● What you will do
Return the lines of the listing below exactly as they appear, beginning at the one with "saints nike shirt" and stopping after the one with "Perceeloppervlakte Meidoornplein 23 Haarlem"; do not include pictures.

Top of Stored data

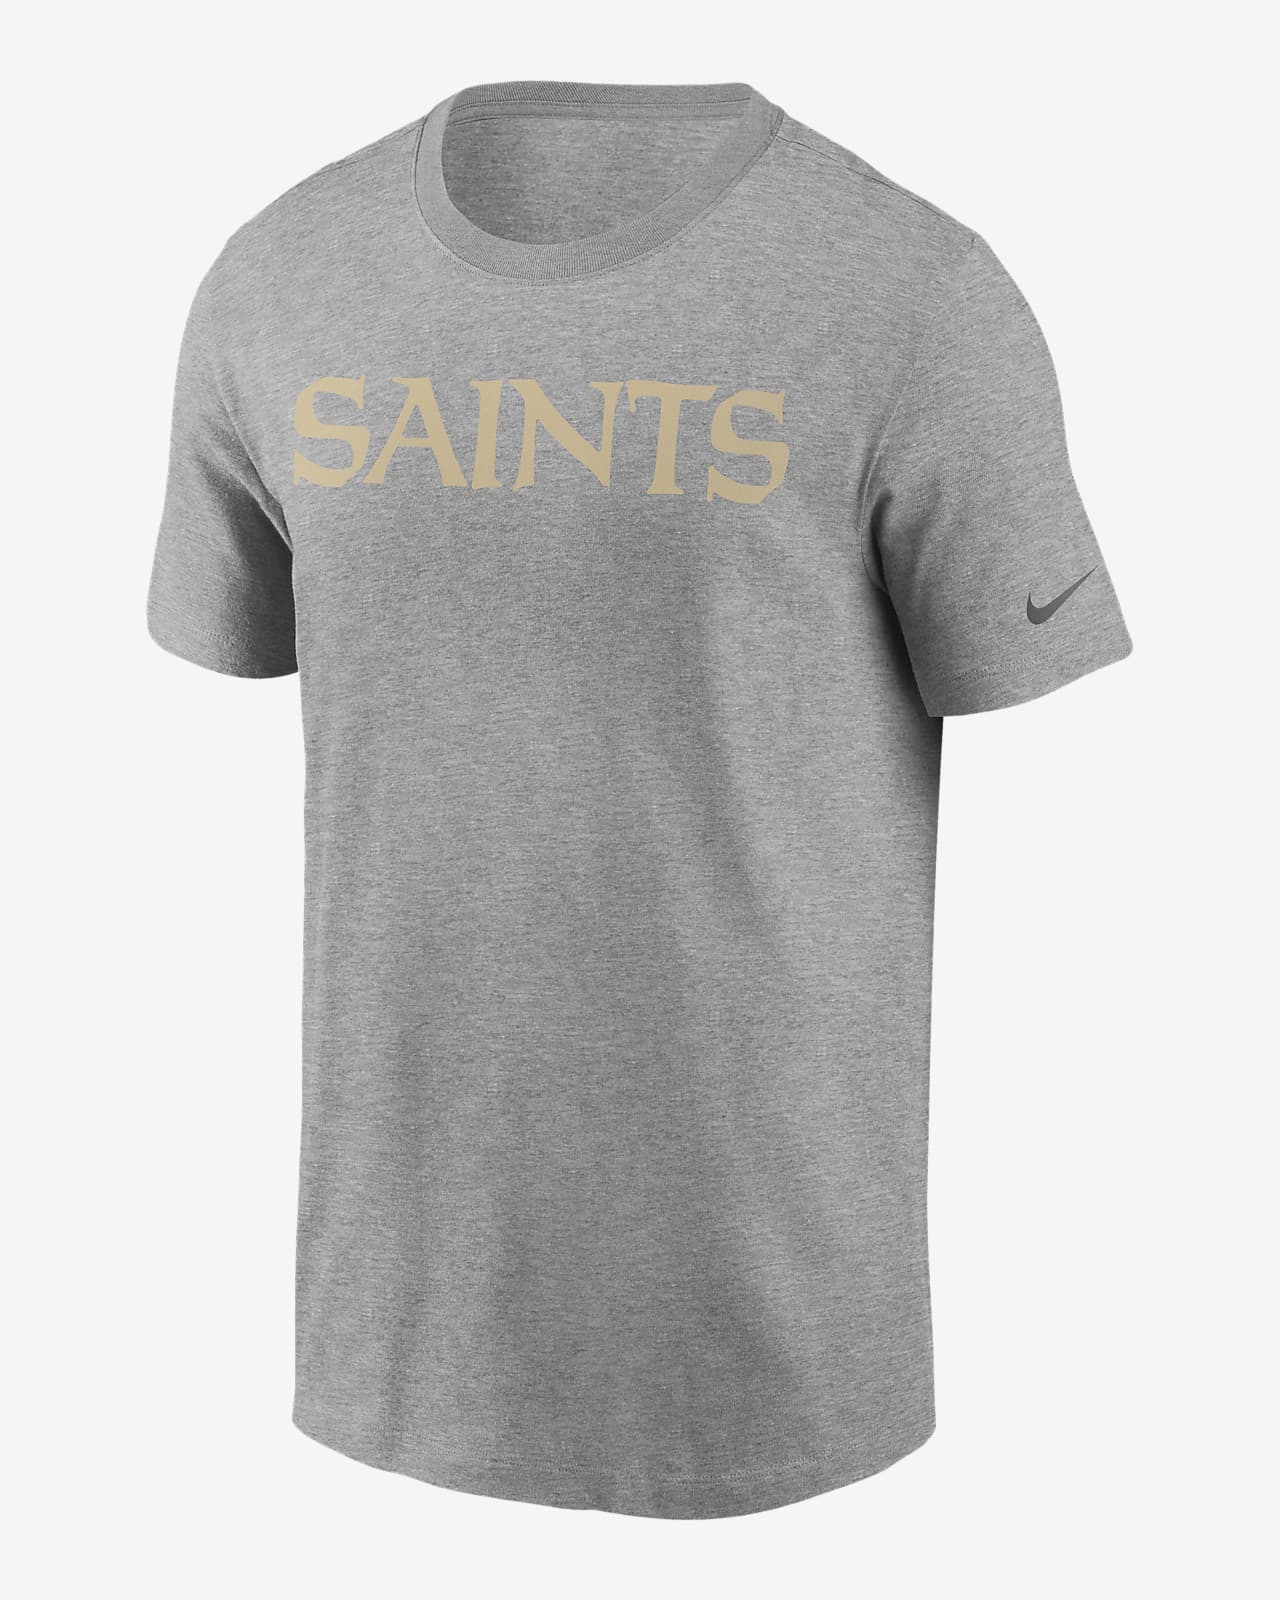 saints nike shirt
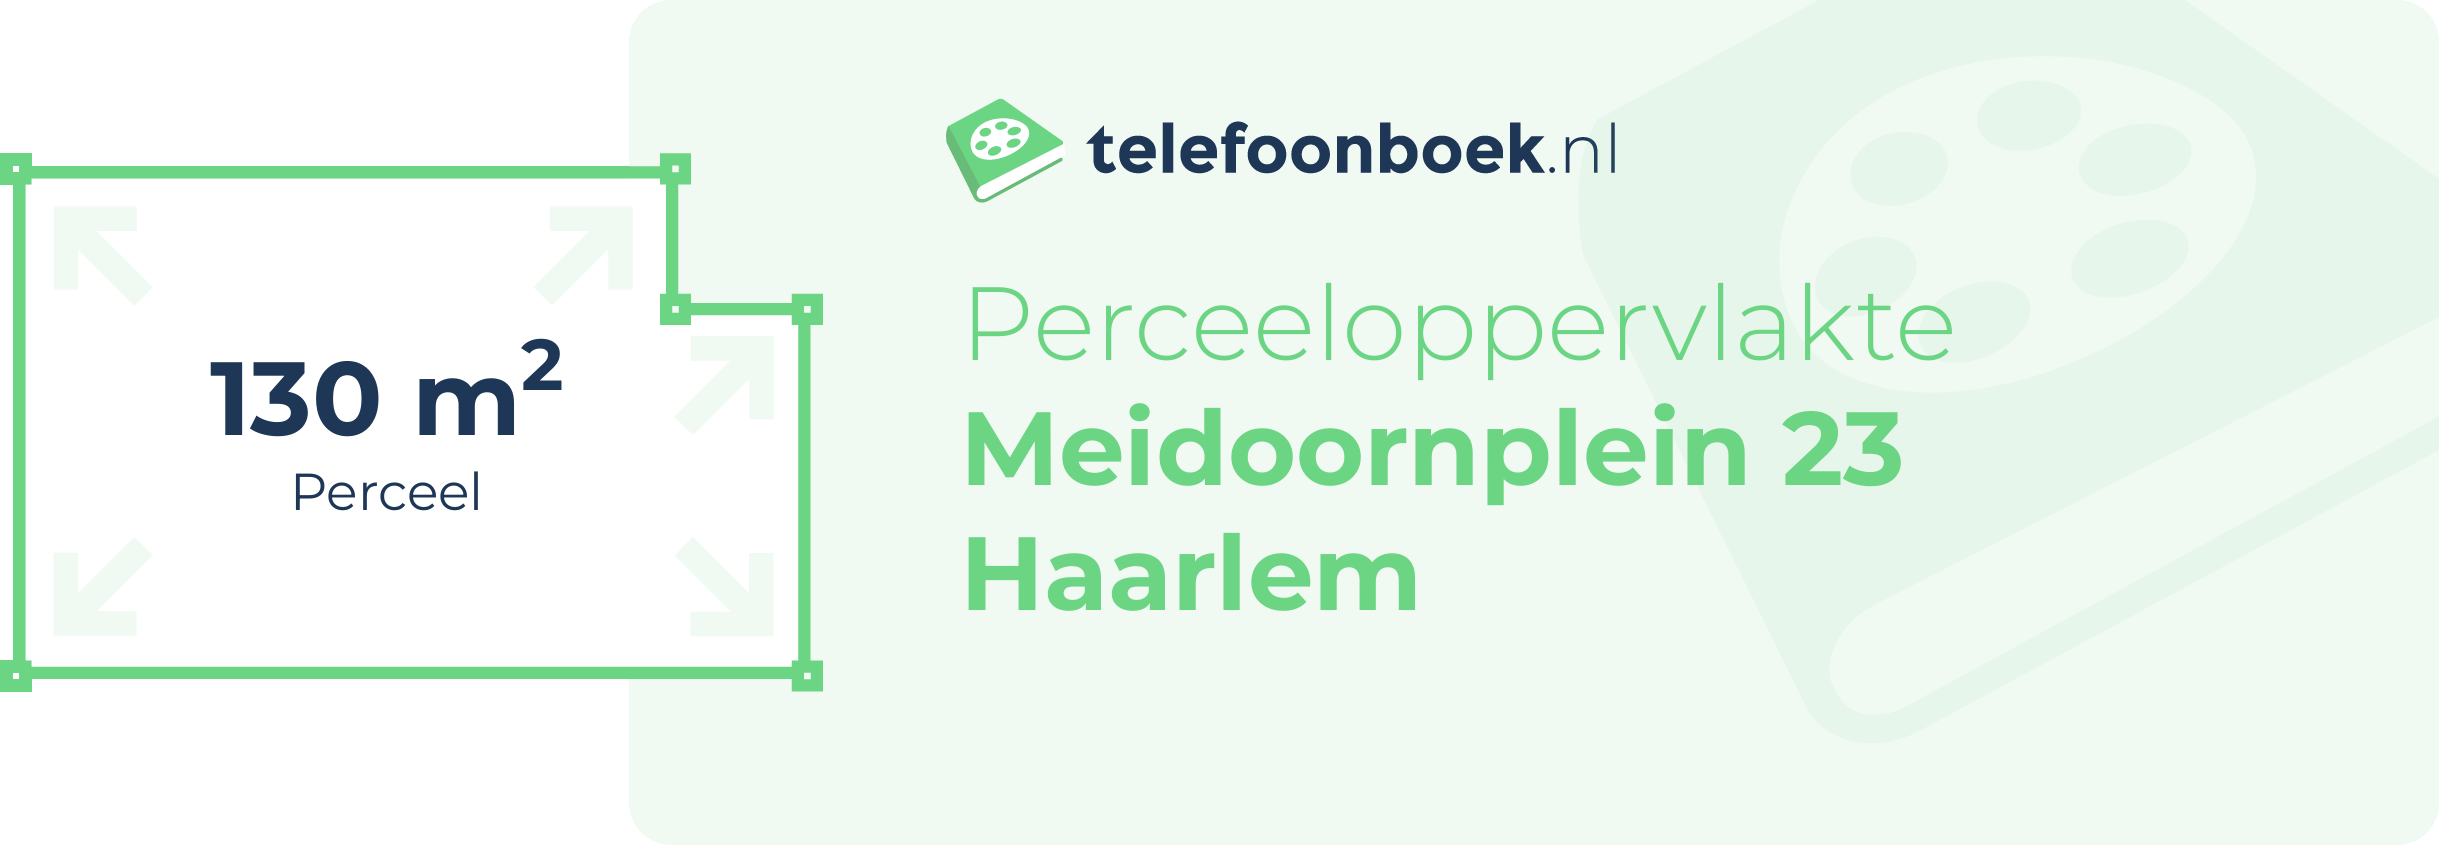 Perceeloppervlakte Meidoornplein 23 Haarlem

Bottom of Stored data
Top of Stored data

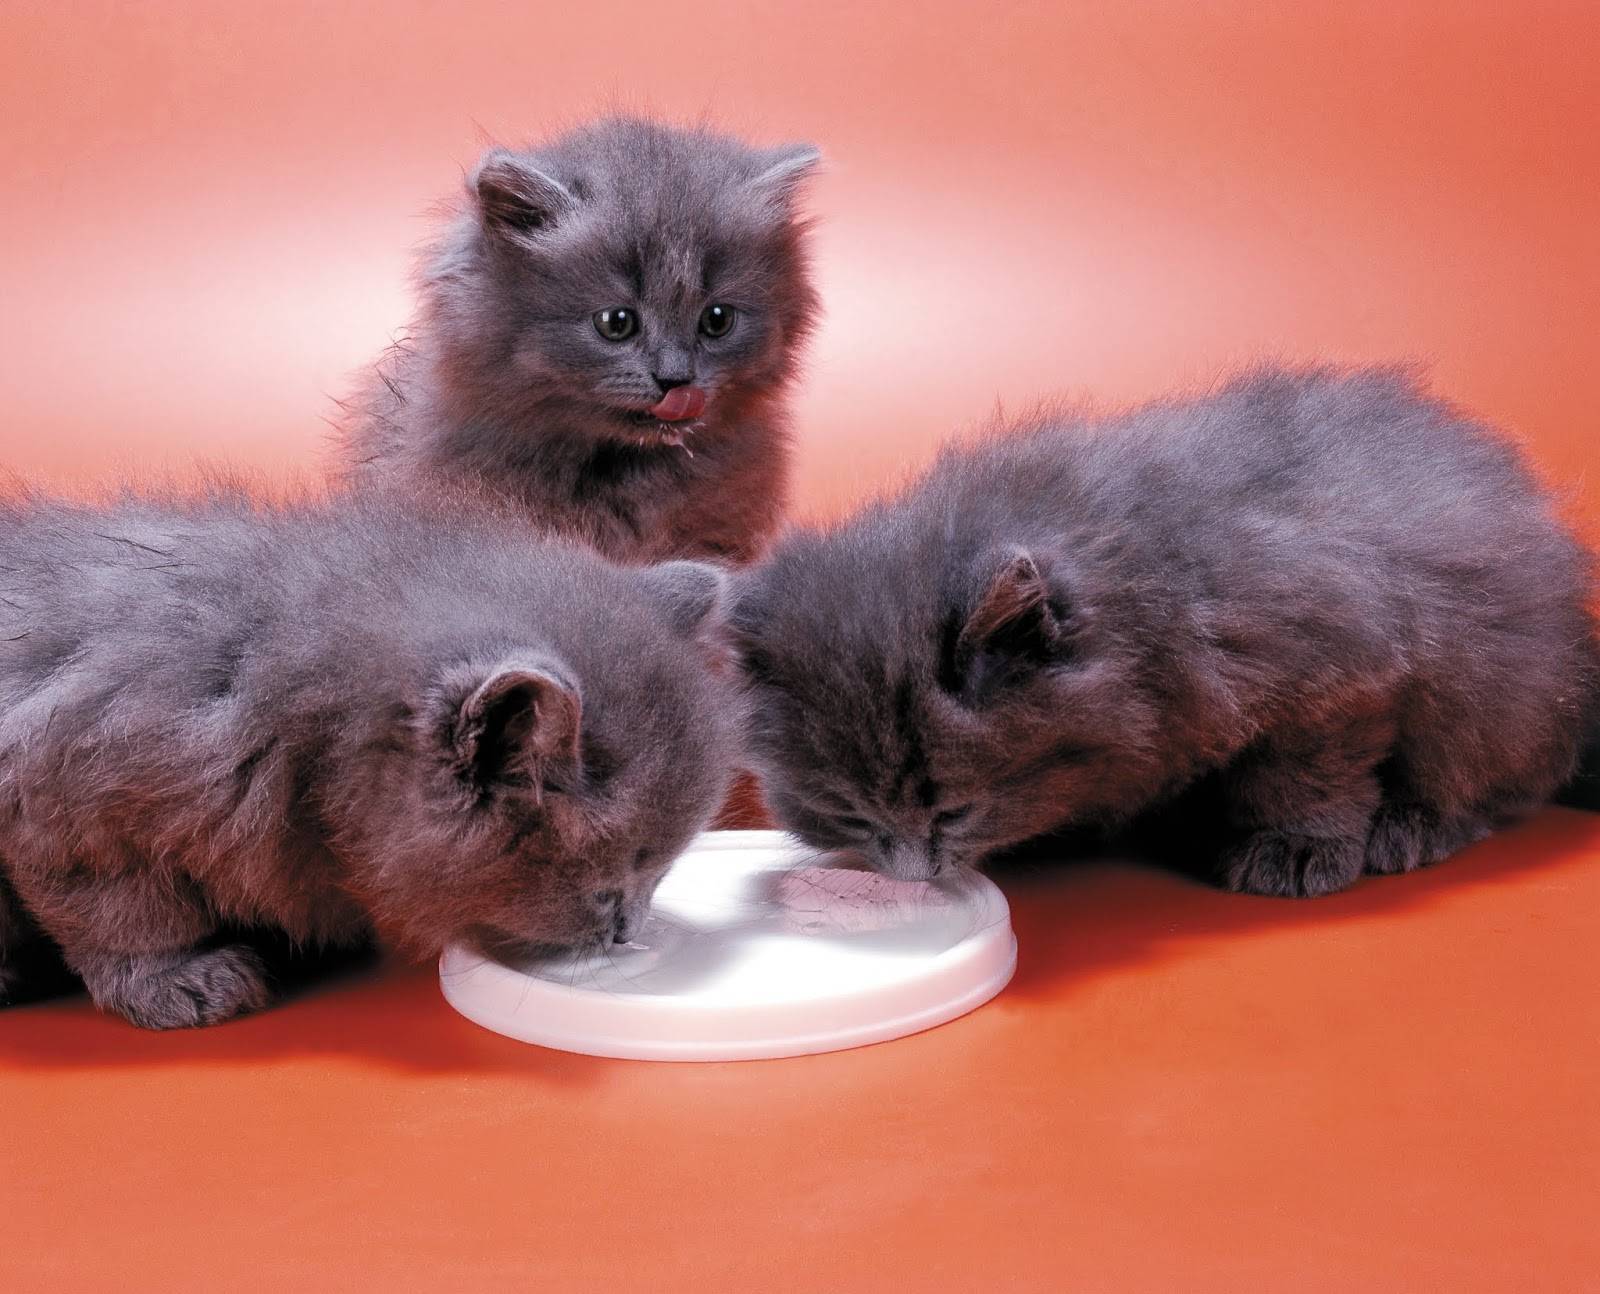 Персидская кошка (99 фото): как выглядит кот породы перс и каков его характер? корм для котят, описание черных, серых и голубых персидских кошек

Bottom of Stored data
Top of Stored data

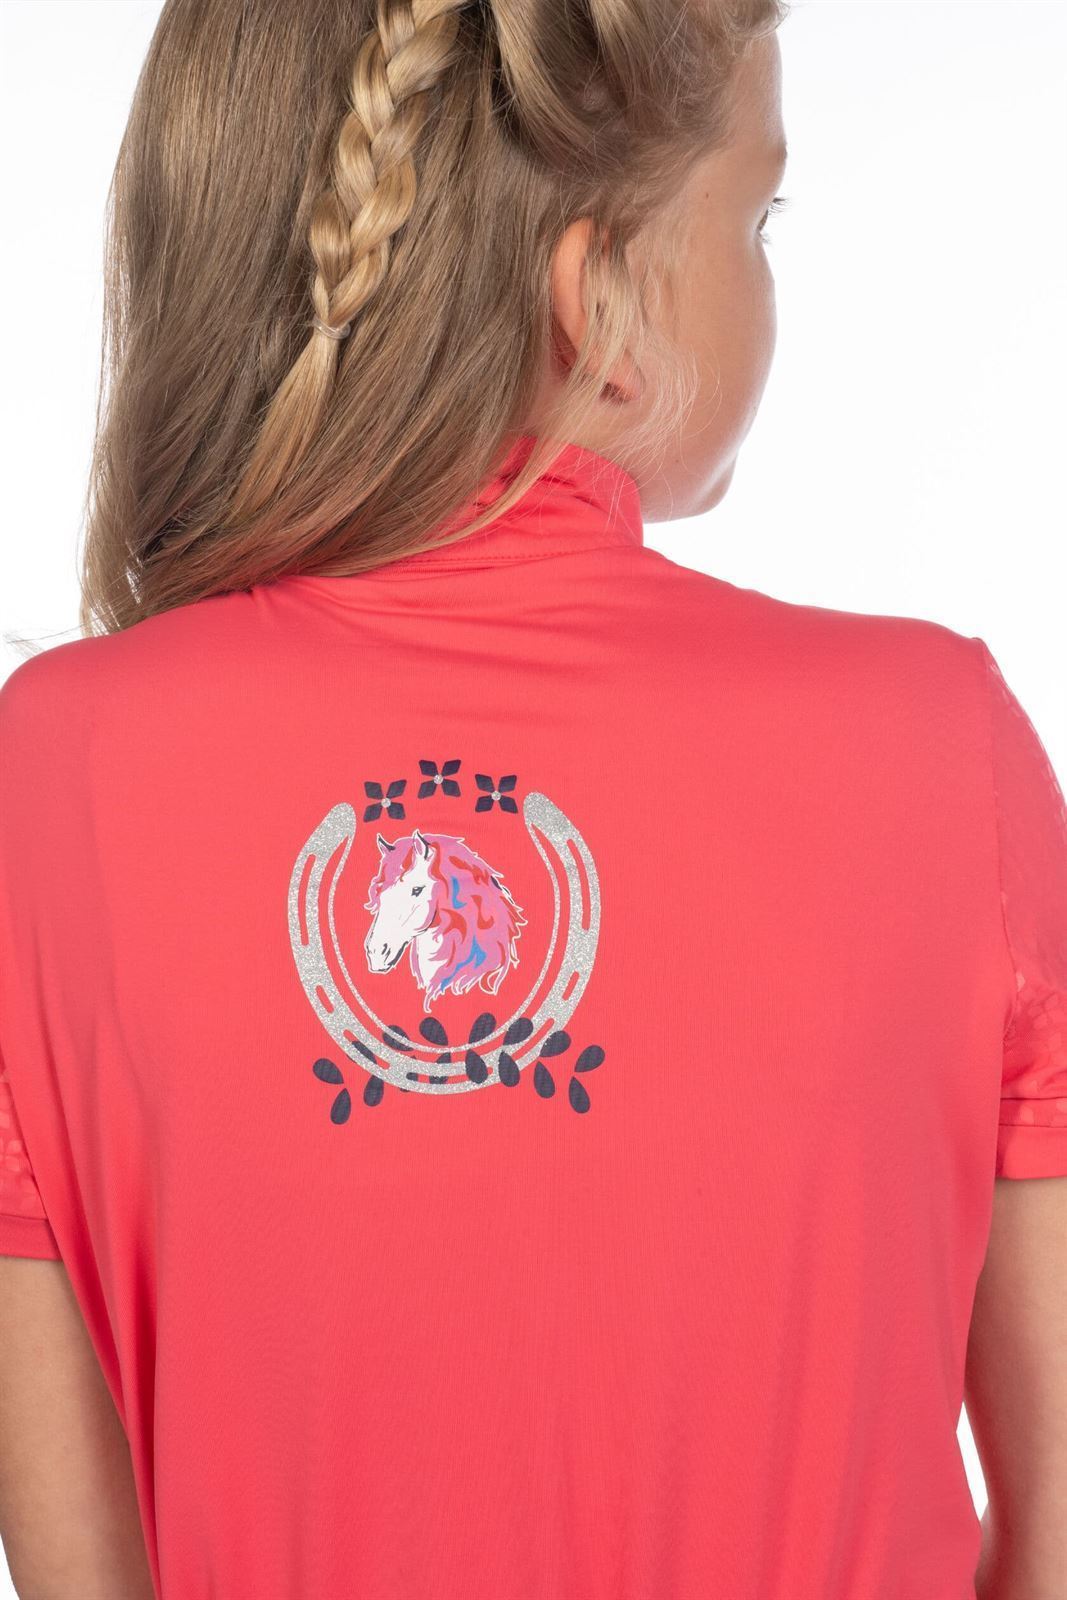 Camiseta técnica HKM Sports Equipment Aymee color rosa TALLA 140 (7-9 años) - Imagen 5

Bottom of Stored data

● Answer for the task
 saints nike shirt
 Perceeloppervlakte Meidoornplein 23 Haarlem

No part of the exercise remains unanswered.